Paul Ehrlich and his team managed to find the first synthetic chemical compound for fighting a specific disease - sexually-transmitted syphilis which had plagued mankind for hundreds of years. This differed from the vaccines created by Jenner and Pasteur, which were weakened versions of bacteria.
After isolating the bacteria that caused syphilis in 1905, Ehrlich tried over 600 different compounds to see if any could cure the disease without affecting other areas of the body.

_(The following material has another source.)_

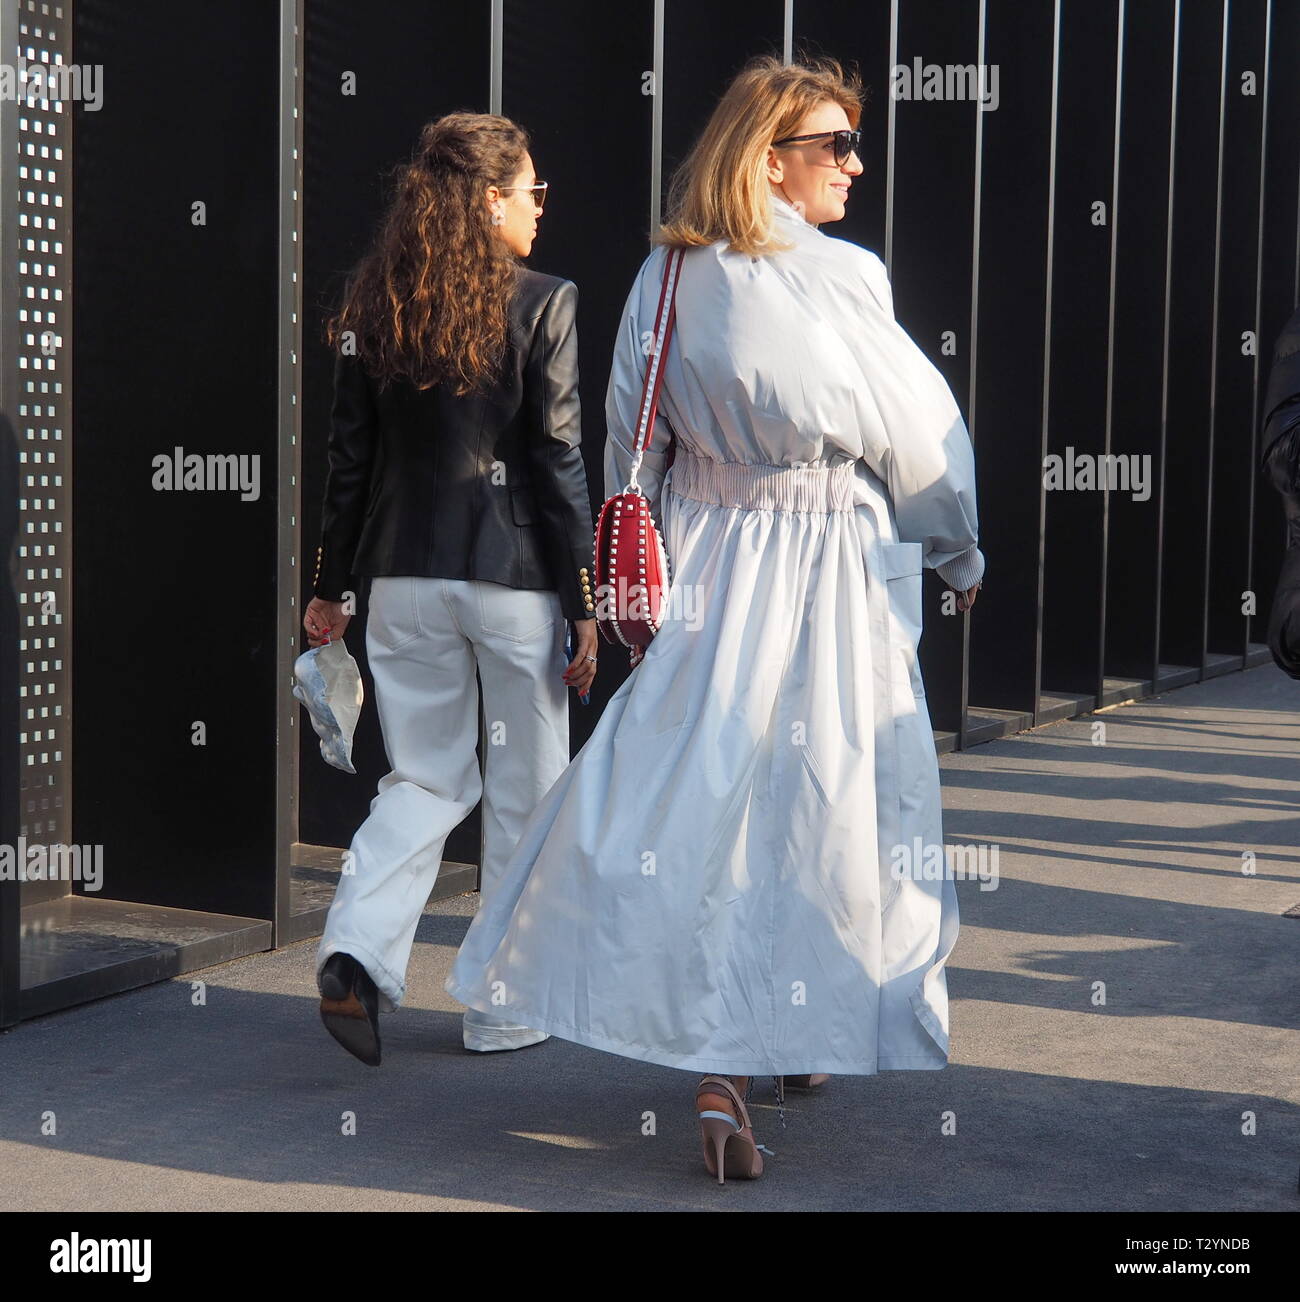 MILAN, Italy: 20 February 2019: Fashion bloggers street style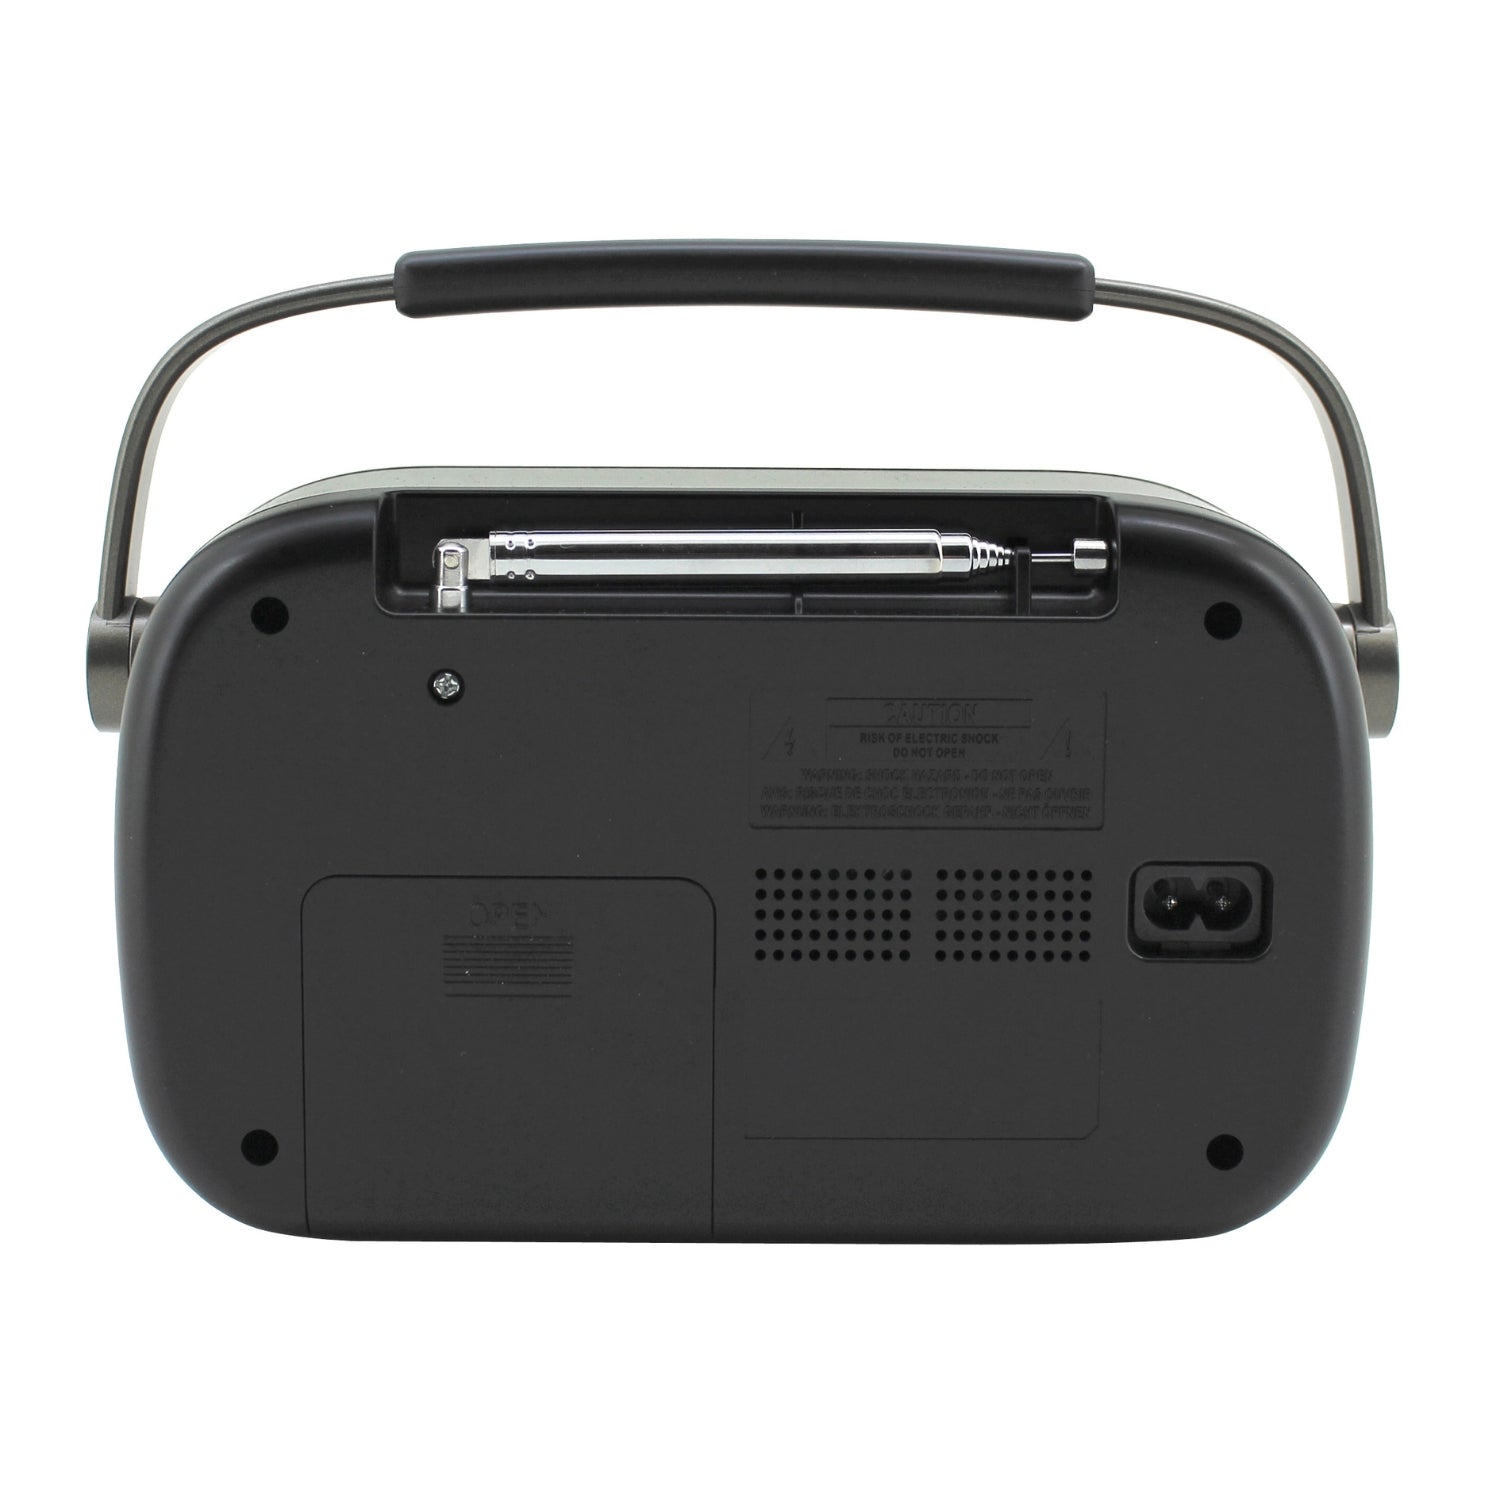 Soundmaster DAB280SW tragbares DAB+ und UKW-RDS Digitalradio mit Kopfhörerbuchse

Finally, in 1909, Sahachiro Hata discovered that compound number 606 was effective.
Under the trade name Salvarsan 606, it went on to treat syphilis until the 1940s.
By chance, Alexander Fleming discovered penicillin in 1928. He was searching for a substance that killed staphylococci bacteria as it had resulted in the deaths of many soldiers from bacterial infections during World War I.
He noticed a fungal spore on an old culture plate that effectively killed this bacteria and published his findings. However, as penicillin had been growing organically there was no guarantee that it would be pure enough to have a pharmaceutical application.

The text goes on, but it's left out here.